FACTS and ENTITIES represent relevant context to the current conversation.
# These are the most relevant facts and their valid date ranges
# format: FACT (Date range: from - to)
<FACTS>
- Daniel99db is worried about his sick dog. (2025-01-24 02:11:54 - present)
- Daniel Chalef is worried about his sick dog. (2025-01-24 02:11:54 - present)
- The assistant asks how the user is feeling. (2025-01-24 02:11:51 - present)
- Daniel99db has been a bit stressful lately due to his dog. (2025-01-24 02:11:53 - present)
- Daniel99db has been a bit stressful lately due to work. (2025-01-24 02:11:53 - present)
- Daniel99db is a user. (2025-01-24 02:11:51 - present)
- user has the id of Daniel99db (2025-01-24 02:11:50 - present)
- user has the name of Daniel Chalef (2025-01-24 02:11:50 - present)
</FACTS>
# These are the most relevant entities
# ENTITY_NAME: entity summary
<ENTITIES>
- worried: Daniel Chalef (Daniel99db) is feeling stressed lately, primarily due to work-related issues and concerns about his sick dog, which has made him worried.
- Daniel99db: Daniel99db, or Daniel Chalef, is currently experiencing stress primarily due to work-related issues and concerns about his sick dog. Despite these challenges, he has shown a desire for interaction by initiating conversations, indicating his openness to communication.
- sick: Daniel Chalef, also known as Daniel99db, is feeling stressed lately, primarily due to work-related issues and concerns about his sick dog. He expresses worry about his dog's health.
- Daniel Chalef: Daniel Chalef, also known as Daniel99db, has been experiencing stress recently, primarily related to work issues and concerns about his sick dog. Despite this stress, he has been feeling generally well and has expressed a desire to connect with others, as indicated by his friendly greeting, "Hi there?".
- dog: Daniel99db, also known as Daniel Chalef, mentioned that he has been feeling a bit stressed lately, which is related to both work and his dog.
- work: Daniel Chalef, also known as Daniel99db, has been experiencing stress lately, primarily related to work.
- feeling: The assistant initiates a conversation by asking how the user is feeling today, indicating a willingness to listen and provide support.
</ENTITIES>
1r = await graph_invoke(
2 "She ate my shoes which were expensive.",
3 first_name,
4 last_name,
5 user_name,
6 thread_id,
7)
8
9print(r)

That sounds really frustrating, especially when you care so much about your belongings and your dog’s health. It’s tough when pets get into things they shouldn’t, and it can add to your stress. How are you feeling about that situation? Are you able to focus on her health despite the shoe incident?

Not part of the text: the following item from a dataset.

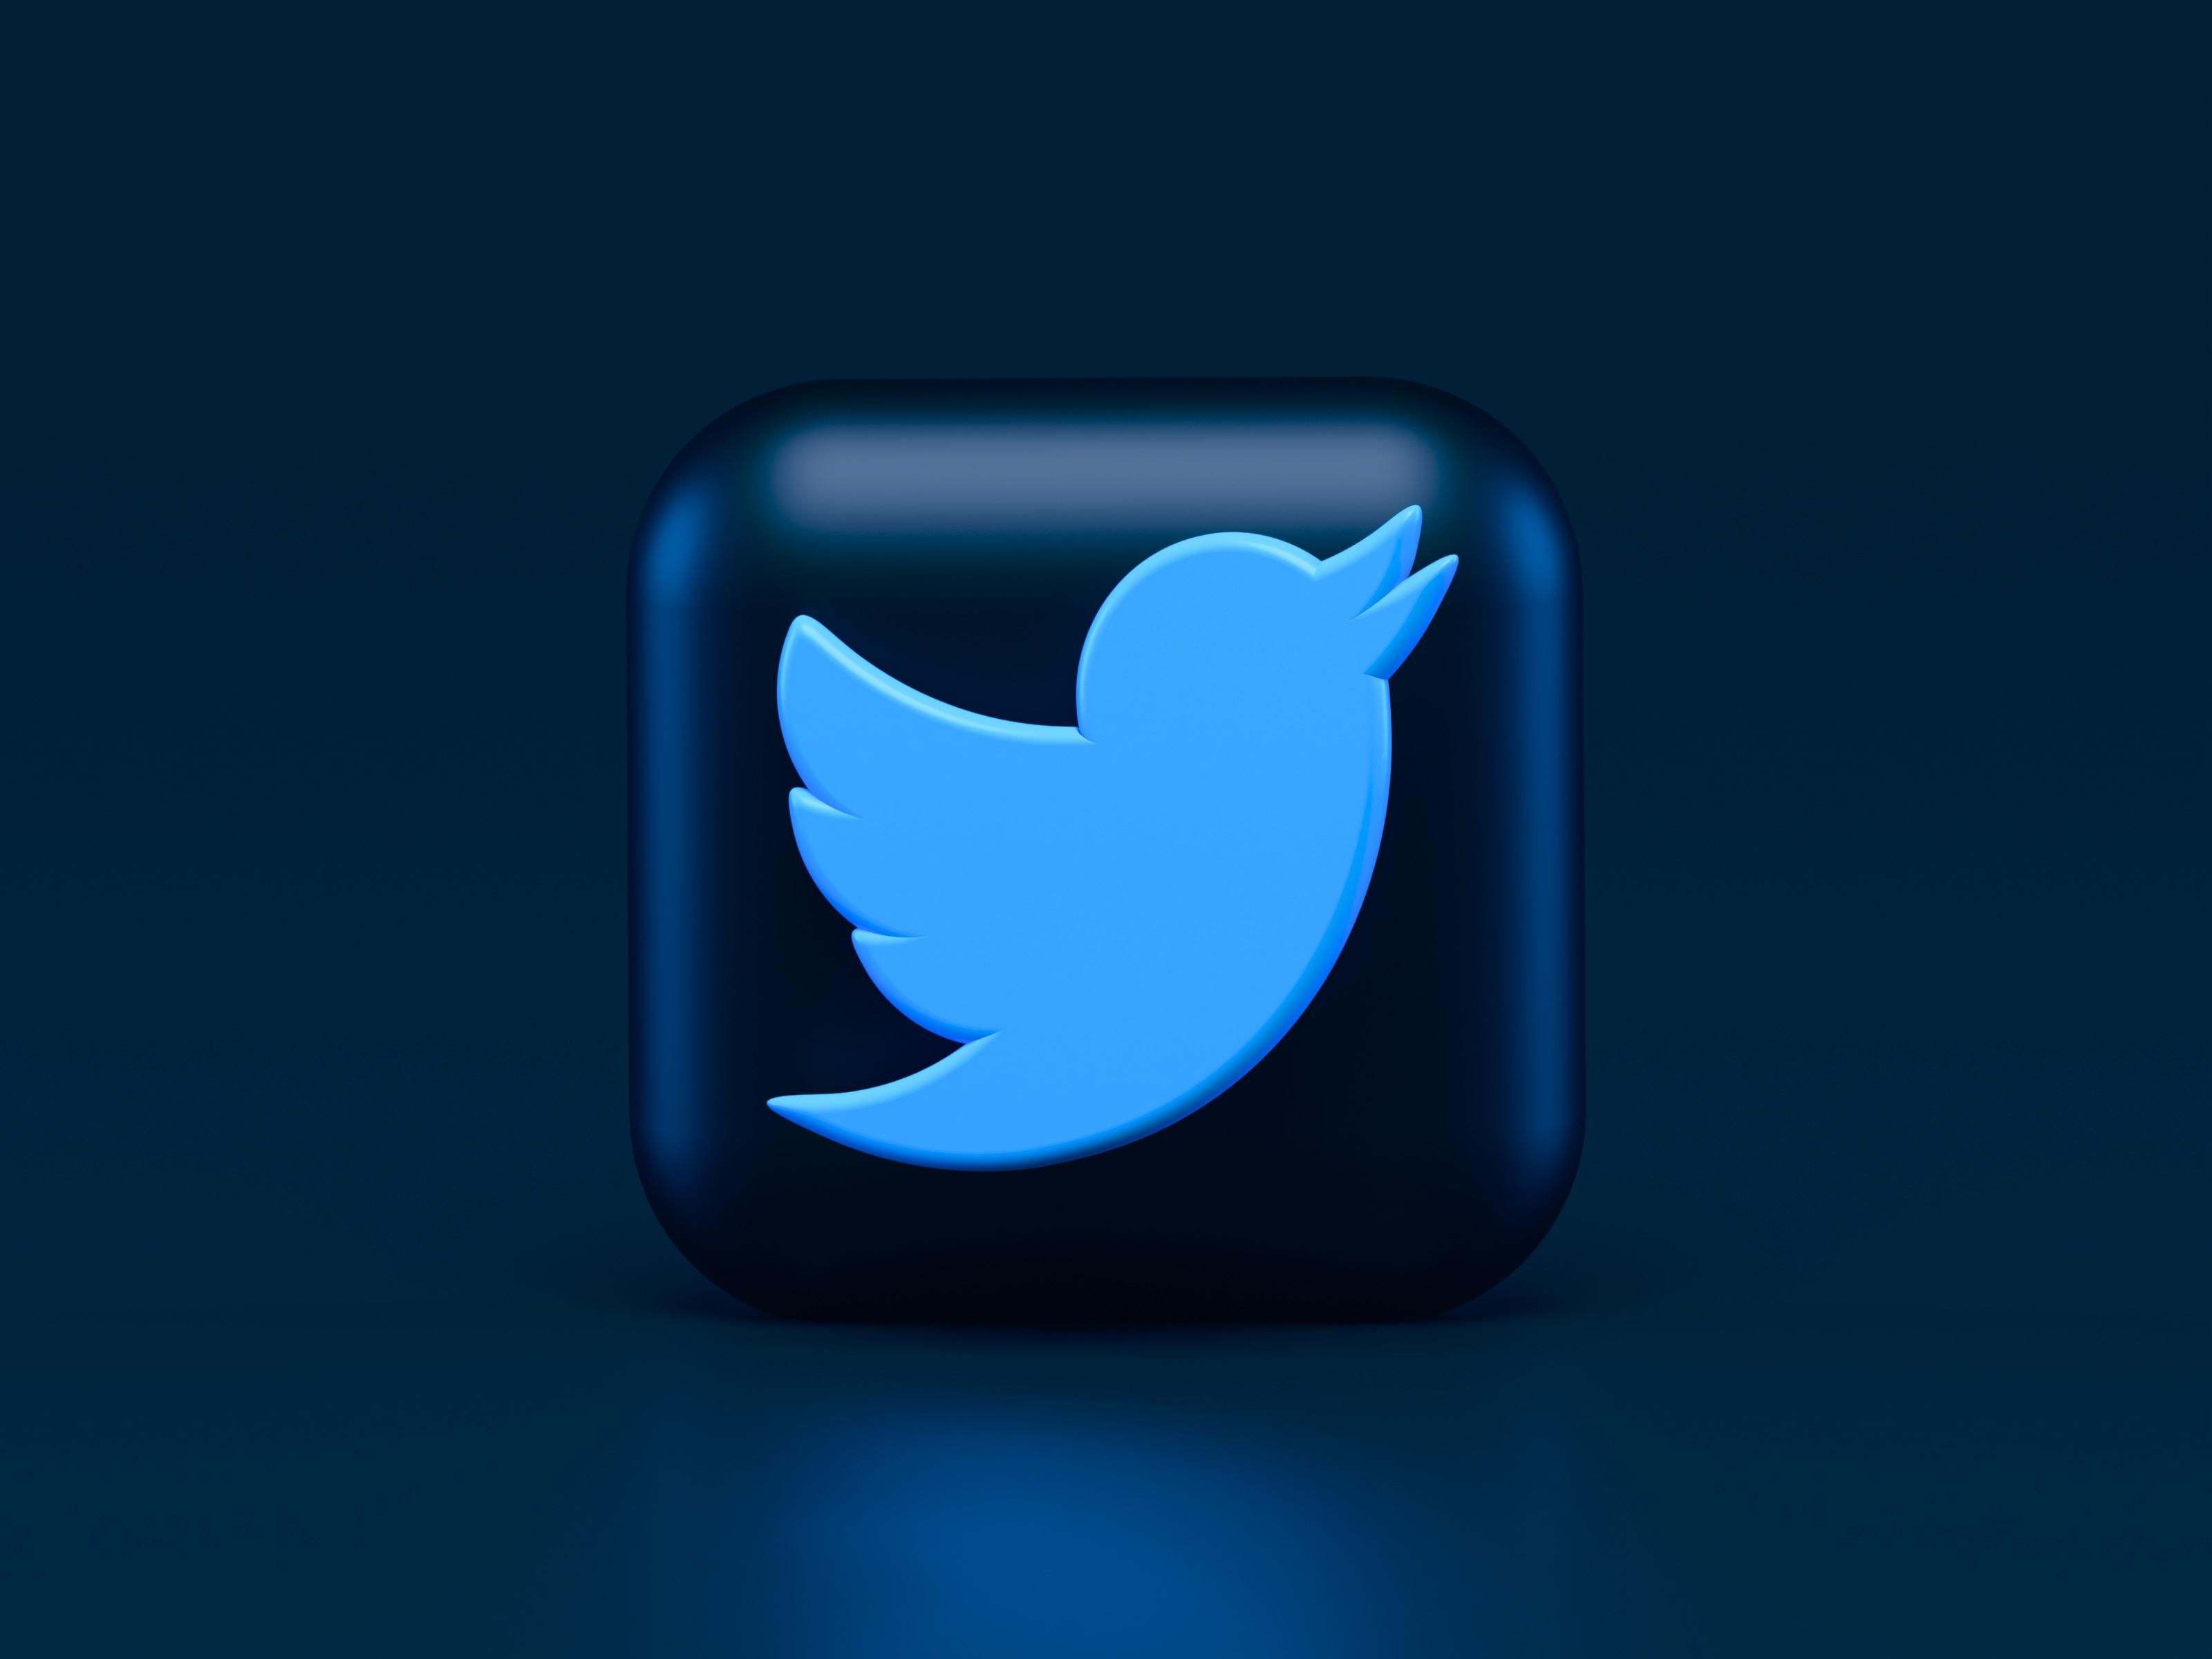 A Twitter kék madaras logója sötétkék háttérben

Let’s now test whether the Agent is correctly grounded with facts from the prior conversation.

1r = await graph_invoke(
2 "What are we talking about?",
3 first_name,
4 last_name,
5 user_name,
6 thread_id,
7)
8
9print(r)

We were discussing your concerns about your dog being sick and the situation with her eating your expensive shoes. It sounds like you’re dealing with a lot right now, and I want to make sure we’re addressing what’s on your mind. If there’s something else you’d like to talk about or if you want to share more about your dog, I’m here to listen.

Let’s go even further back to determine whether context is kept by referencing a user message that is not currently in the Agent State. Zep will retrieve Facts related to the user’s job.

1r = await graph_invoke(
2 "What have I said about my job?",
3 first_name,
4 last_name,
5 user_name,
6 thread_id,
7)
8
9print(r)

You’ve mentioned that you’ve been feeling a bit stressed lately, primarily due to work-related issues. If you’d like to share more about what’s been going on at work or how it’s affecting you, I’m here to listen and support you.